3. Power binds for the entire post-2026 horizon under power_dc_bottleneck.¶
This is the only scenario where the binding constraint is anything other than chips for most years — and it's the one most often cited in current public discourse (transmission queues, transformer shortages, AI-DC permitting). Under our placeholder numbers, with AI-DC capacity at 60 GW in 2030 and 150 GW in 2040 (vs base 150/500), power binds from 2026 onward and the 2040 capacity is ~1/4 of the base case.
What sprint 2 needs to do (priority-ordered)¶
- Replace shipment placeholders with sourced figures.
- NVIDIA disclosed datacenter-segment unit shipments (10-Ks/quarterly)
- AMD MI300 / MI350 production guidance
- Google TPU pod count estimates (SemiAnalysis, third-party)
- AWS Trainium/Inferentia disclosed deployment numbers
- Convert each to H100-eq using FP16 dense FLOP/s ratios
- Replace AI-DC capacity placeholders.
- SemiAnalysis AI Data Center Model
- IEA "Energy and AI" report (April 2025)
- Public hyperscaler capex announcements
- Replace capex placeholders.
- Hyperscaler 10-Ks for Microsoft / Alphabet / Meta / Amazon
- Sovereign program announcements (UAE, Saudi, France, India)
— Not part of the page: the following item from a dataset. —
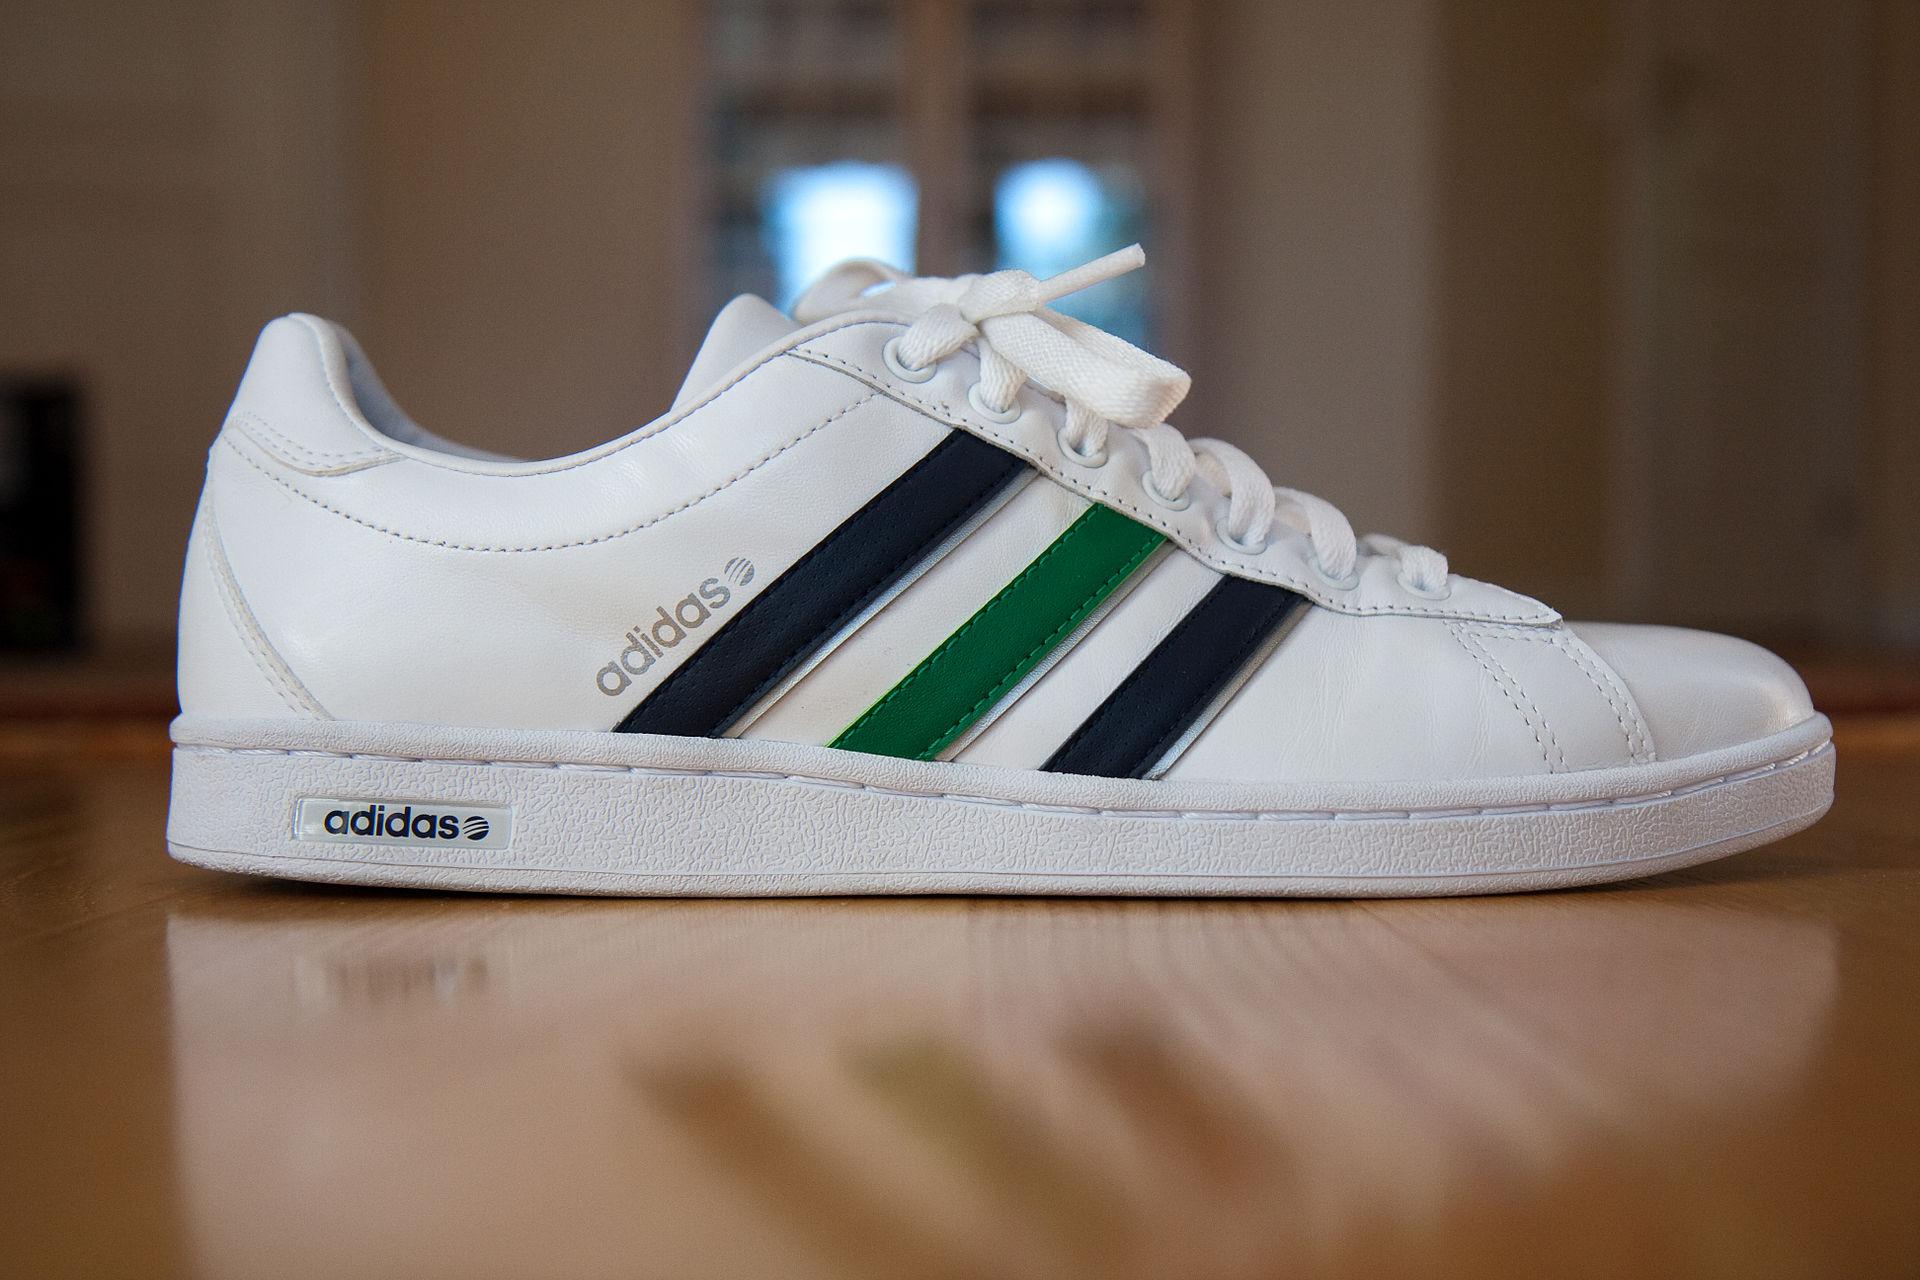 1920px-An_Adidas_shoe.jpg

- Add hardware-performance index time series.
Currently
peak_flops_per_h100eis constant (because shipments are already in H100-eq), but we should record the implied hardware-perf improvement (H100→B200→Rubin→…) so the allocation layer can use it. - Differentiate
poweranddatacenterconstraints. Right now they collapse. Sprint 2 should split slot-count / cooling / transformer constraints from raw MW. - Add sensitivity analysis. The model is already scenario-keyed; trivial to add ± fits on the sensitive parameters (shipments, AI-DC MW, capex).
- Connect to historical cost-variant insight.
Compute and report
cost_per_h100e_yearin the three the historical baseline cost variants (upfront / cloud / blended) — currently we only emit a single amortized figure.
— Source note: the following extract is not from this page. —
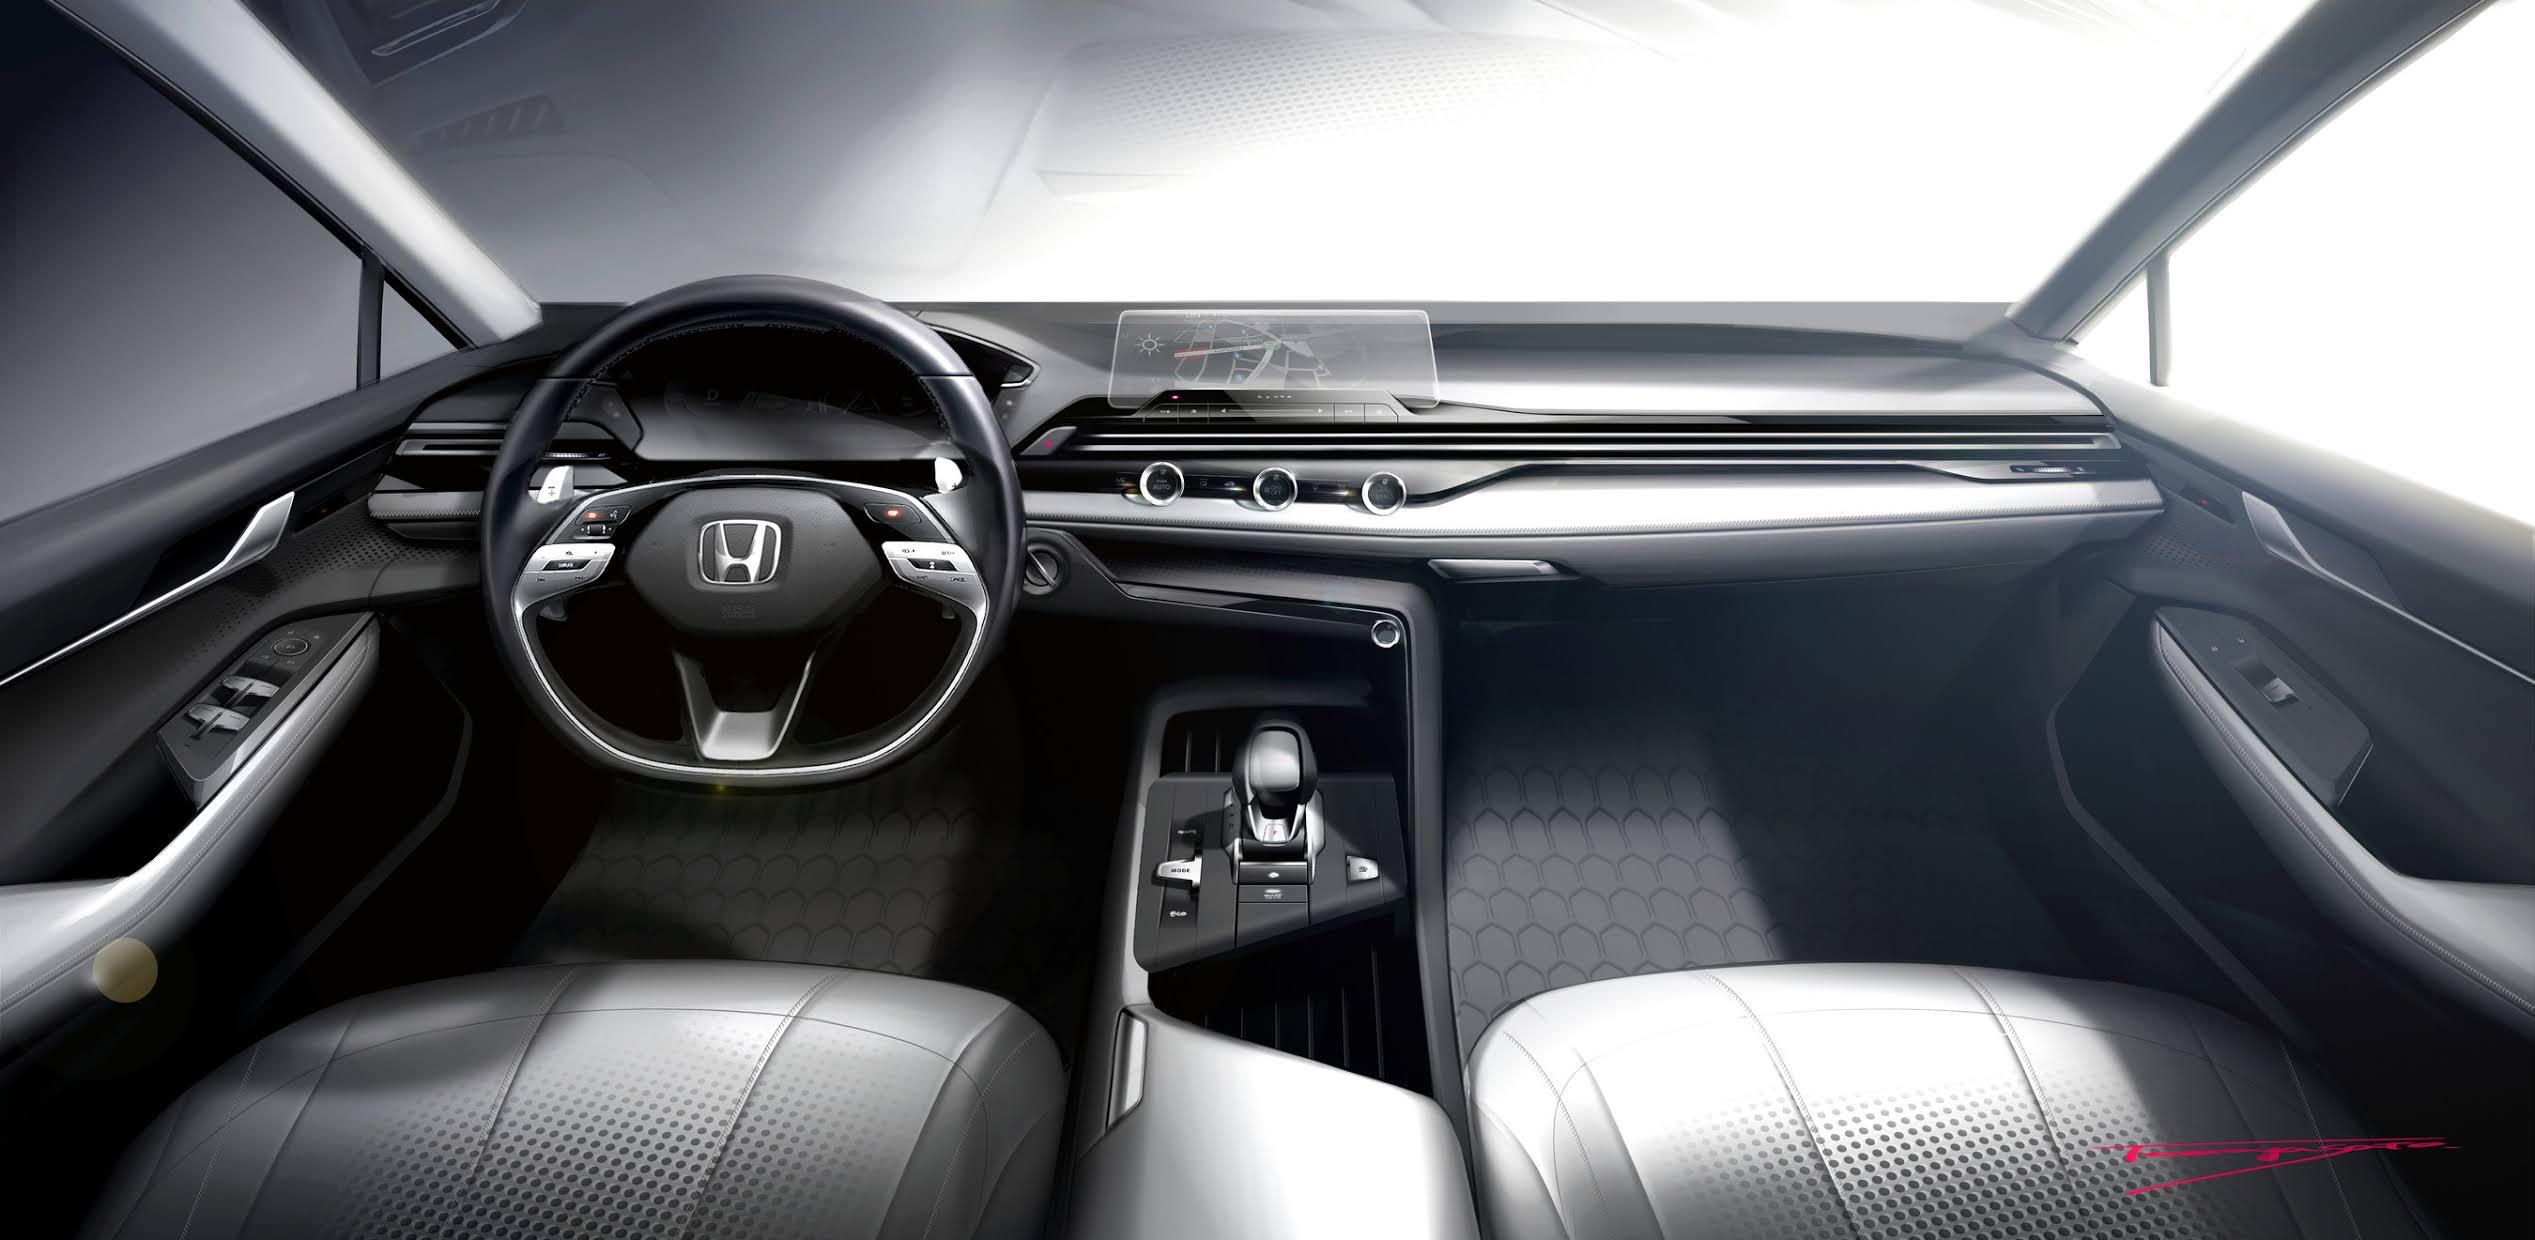 Honda Releases Video Revealing New Interior Design Philosophy

Open questions for the user (Supply capacity model only)¶
- Geography: model global aggregate, or split US / China / RoW? Phase 1 was global; supply placeholders are global. Splitting matters more for sprint 2+ since power, capex, and chip access diverge sharply.
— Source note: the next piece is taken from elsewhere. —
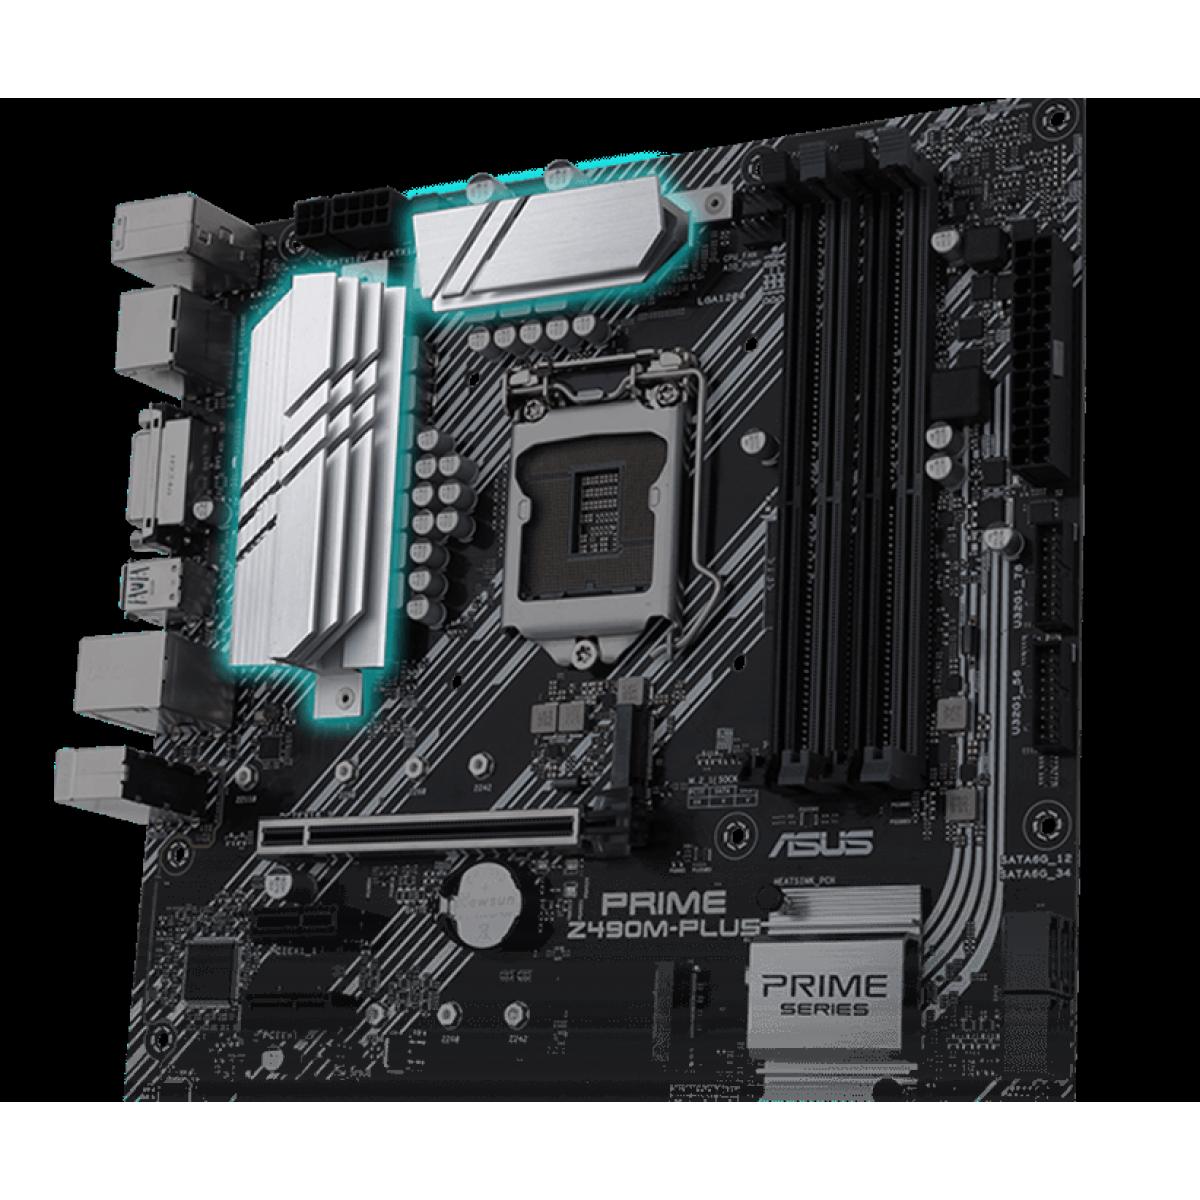 Placa Mãe ASUS PRIME Z490M-PLUS, Chipset Z490, Intel LGA 1200, mATX, DDR4

- Time grain: annual is fine for capacity; should we go to quarterly for the 2024-2027 calibration window? the historical baseline had publication-date resolution which was finer.
- Lifetime: 5 years linear retirement is a placeholder. Hyperscalers are publicly extending depreciation to 6 years. Worth making lifetime itself scenario-dependent.
- Should we calibrate sprint 2 to actual 2024 + 2025 outcomes (now both fully observed)? That would tighten the absolute level and leave the projection slope as the modeled quantity.